Essentially we do a small number of checks on each scanline, shifting the edges outwards (for the top half of the circle) and inwards (for the lower half) by one pixel at a time, and determining if we are outside/inside the radius^2.  The lower half will be CLEARING mask bits, and the upper half SETTING the bits.  The left edge is bounded from 0..Cx and the right from Cx..39 inclusive.

 

Each scanline has a few operations, but mostly the mask is correct from the previous scanline. Just need to "trim the edges".

Instead of calculating the full X^2 + Y^2 on each line, we know that Y^2 only changes when you change to a new line, and X^2 can be done with a delta.  That is,   X^2 - (X-1)^2 = X^2 - (X^2 - 2X + 1) = 2X + 1 difference in each iteration, so no multiply required, just a shift and add. Same for Y delta, done once on each line. Pls ignore basic error in the maths, it's the principle I'm describing that's important  
 

This algorithm should allow any size circle with a center point anywhere on or off the screen.  I'll try implementing it when I have some free procrastination time.

 

 

 

 

 

 

 

 

 

 

 

 

 

 

 

 

 

 

[+Andrew Davie]

Well, that worked nicely...

 

 

circleFadeDemo.bin

[+Karl G]

11 minutes ago, Andrew Davie said:

Well, that worked nicely...

It does indeed. I would also be curious to see the one that you say is buggy, but looked cool anyway. ?

[+Andrew Davie]

1 hour ago, Karl G said:

It does indeed. I would also be curious to see the one that you say is buggy, but looked cool anyway. ?

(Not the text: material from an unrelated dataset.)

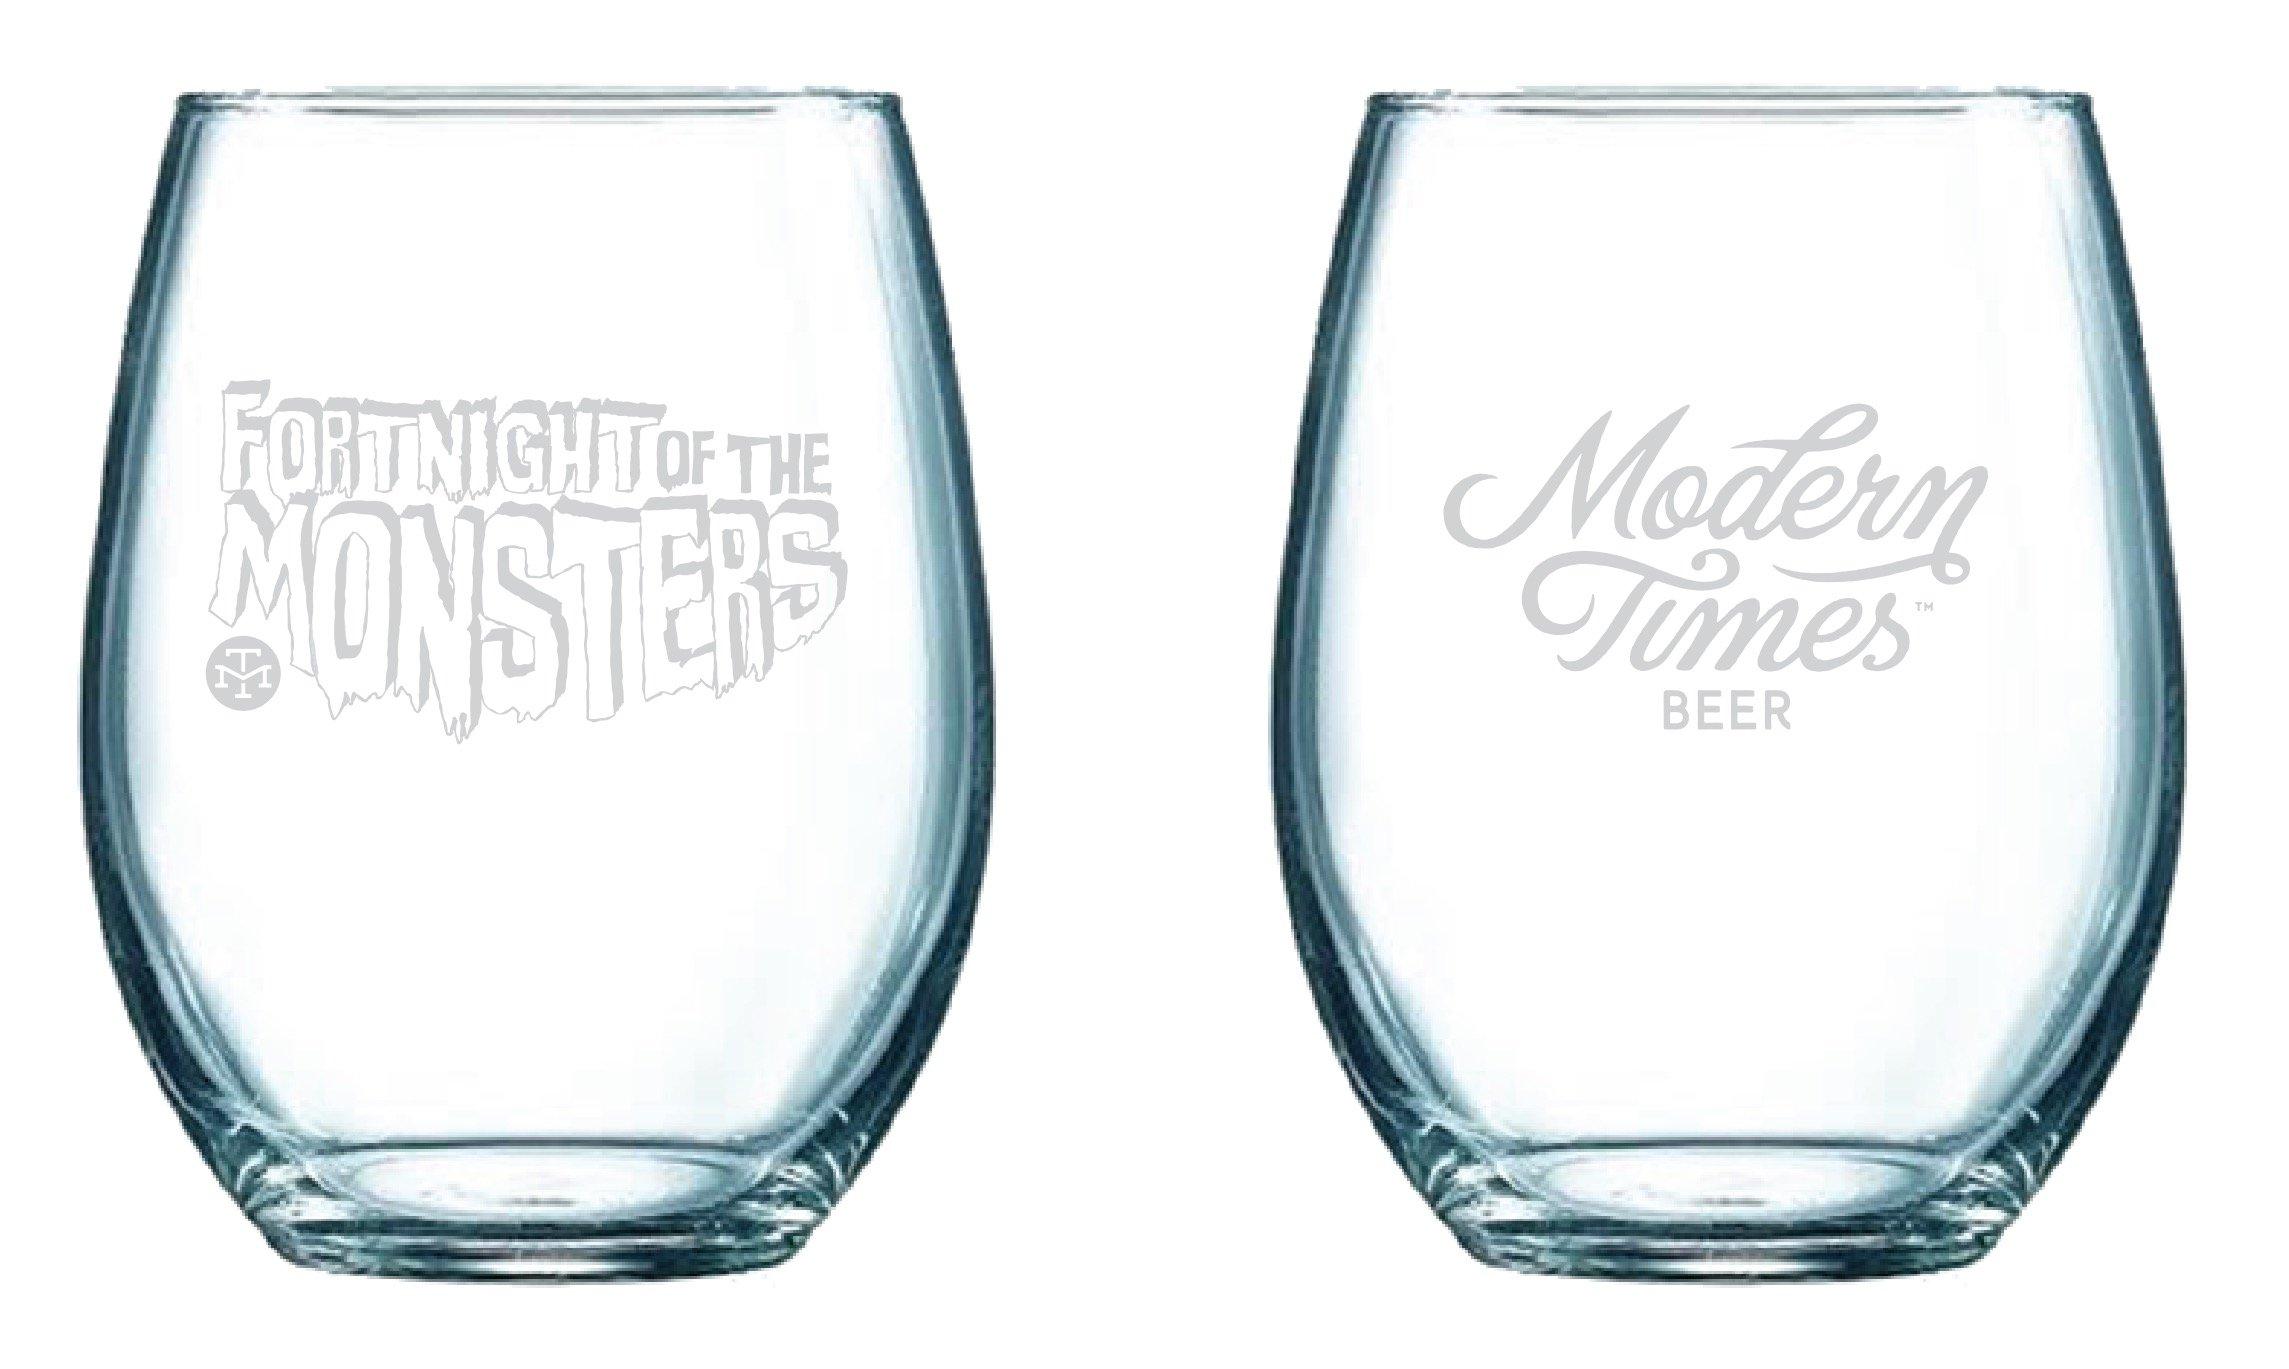 Fortnight of the Monsters 2016 Glasses

I didn't have a demo version but have re-implemented the buggy one... just for you....

 

 

[+Karl G]

That is indeed also a pretty cool effect  

[+fdr4prez]

Yeah, the buggy one is a nice transition for cut-scenes 

[Omegamatrix]

I love the circle demo Andrew. Well done!

[stepho]

Both look good.

 

I suspect the buggy version is due to round off errors due to the trig functions not being evenly spaced.
Eg, sin(1)-sin(0) is a lot larger than sin(90)-sin(89)                   where 90 degrees is a right angle, not radians.

 

I worked through the original algorithm and the maths is fine - assuming infinite precision.

 

I tried to think of other variations but none were as fast (theoretically) as yours.